Solid Bags made using Hobo Armour PVA Bag Stems
Solid Bags, in my opinion, should be nothing more than a mouthful, so with that in mind I always opt to use a Small Bag. As well as only being a mouthful a smaller bag is much more aerodynamic meaning they cast a lot further. You can also get them much more compact than the larger bags. I use a 3oz lead exclusively with my setup, I can cast over 100 yards comfortably with that arrangement and although it may seem a bit much, having a 3oz lead helps to set the hook.
STEP BY STEP GUIDE
1.) Take a small bag and blow into it so it’s not stuck together. Make sure the corners are separated then put a small amount of bait in the bottom of the bag.
2.) Lower the rig into place and hold the lead at the top of the bag. I try to lay my rig out so the hook bait is in one of the corners with the hook-point facing downwards to minimise the chance of tangles.
3.) Holding the lead at the top of the bag, I then fill the bag 2/3 of the way with the pellets. Then I hold the filled section of the bag and push the lead into the pellets, roughly half way down the lead, making sure I have as much separation between the bottom of the lead and hook bait as possible.
4.) I then top up with pellets so it just covers the top of the lead.
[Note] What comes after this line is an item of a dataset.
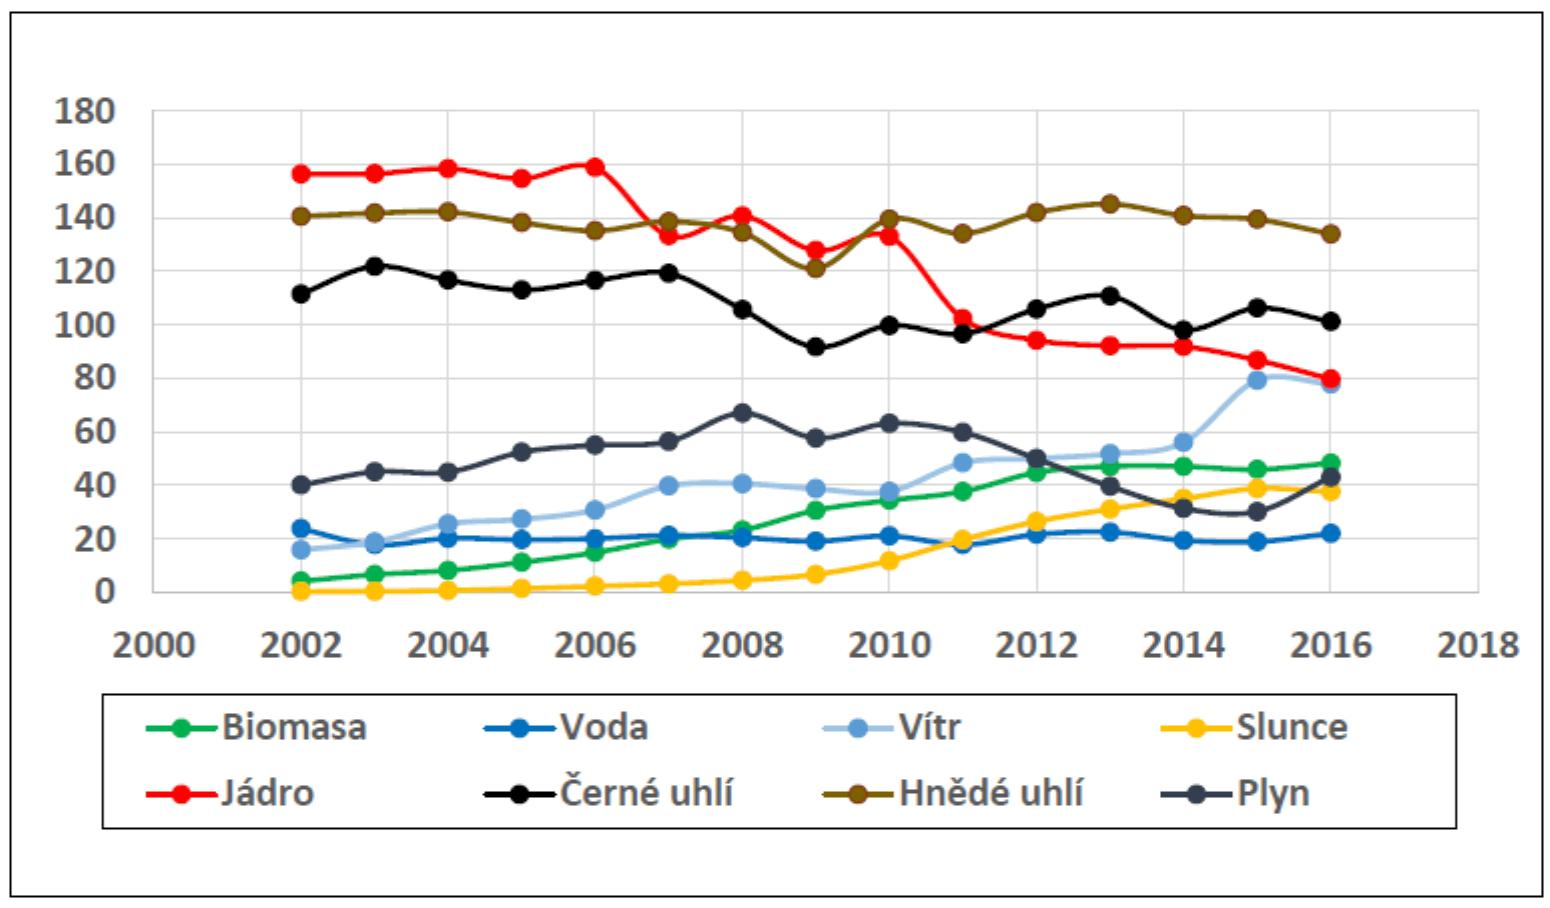 Dosavadní průběh německé Energiewende. Roční výroba různých zdrojů elektřiny v Terawatthodinách v jednotlivých letech. Data převzata z Fraunhofer ISE (https://www.energy-charts.de/energy.htm).

Then I twist the top of the bag and compact the pellets by tapping the bag repeatedly until it becomes tightly packed.
5.) Once I’ve twisted the top to form the shape of the bag, I then use PVA string to tie the top. Some people use the twist and lick method but I find that I get them much tighter using PVA string.
6.) Lastly, I trim the excess string and bag material away. Then I lick and fold the corners to make it more aerodynamic. Now it’s ready to go.